Historical Marker

WBAP-TV - Channel 5, First Television Station in Texas

Historical marker location:
3900 Barnett St., Fort Worth, Texas
( 3900 Barnett St., Fort Worth)
Marker installed: 1983

Founded by Amon G. Carter, noted publisher of the "Fort Worth Star-Telegram", the first progam--a public appearance, Sept. 27, 1948, by President Harry Truman--made Texas the sixteenth state in the nation to open a commercial station.

Among other "Firsts" of WBAP-TV are the first live entertainment in Texas ("Flying X Ranchboys"), and first Texas colorcast via NBC-TV, 1954. Today Channel 5 serves aproximately 60 counties in Texas and Oklahoma.

Since its birth, television has made many advances.
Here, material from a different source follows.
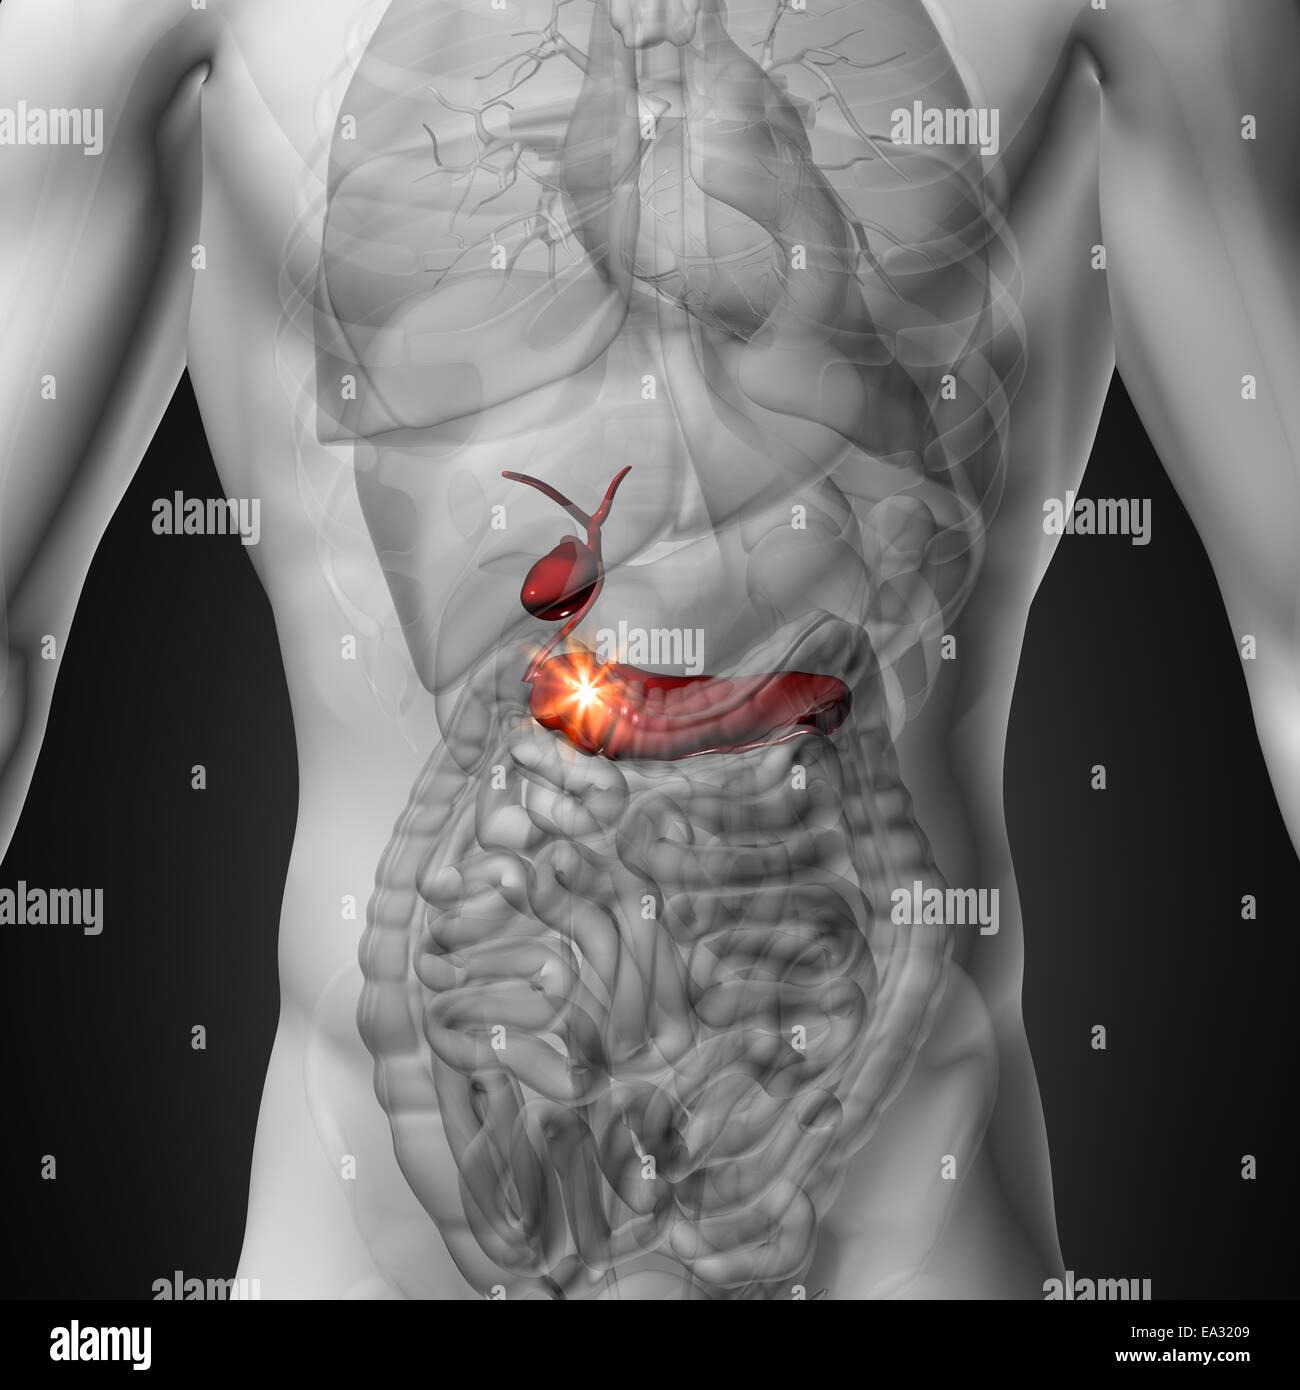 Panreas Anatomy Diagram Male Organ - Electrical Work Wiring Diagram •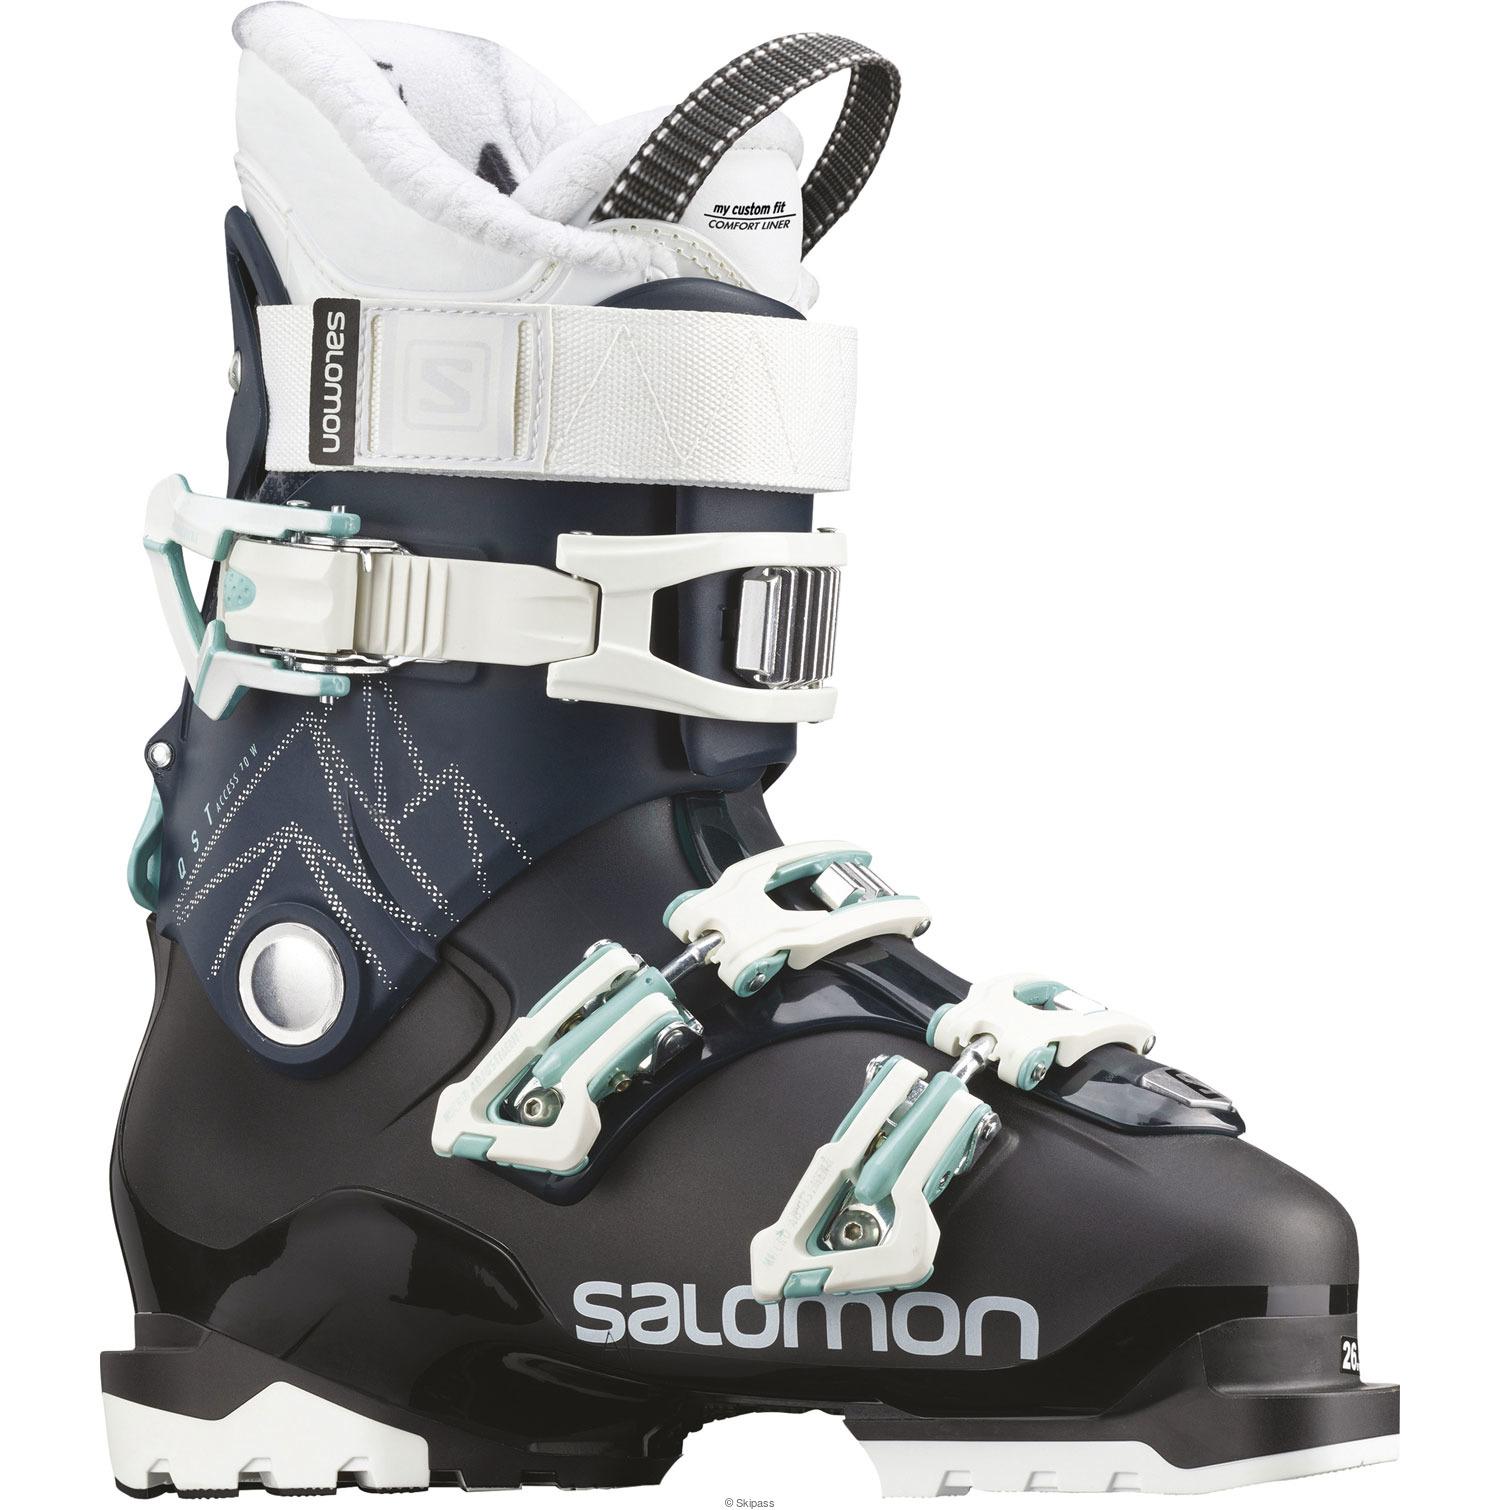 Test chaussure ski Salomon QST Access 70 W 2020, avis

In Washington, D.C., 1927, Herbert Hoover (at that time Secretary of Commerce) appeared on the first major telecast in the nation. In 1931, H. & W. Corset Company in New York conducted the first experimental use of closed-circuit television to display its models to a buyer and sold $5,000 worth of merchandise.

Modern commercial telecasting did not begin, however, until 10 years later, when New York opened the first station in the country. After a slow start, major strides were made in 1947 and 1948. As of July 1, 1967, the U.S. had 628 commercial and 128 educational stations, with 224 under construction. Of these, Texas had 49 commercial and 5 educational.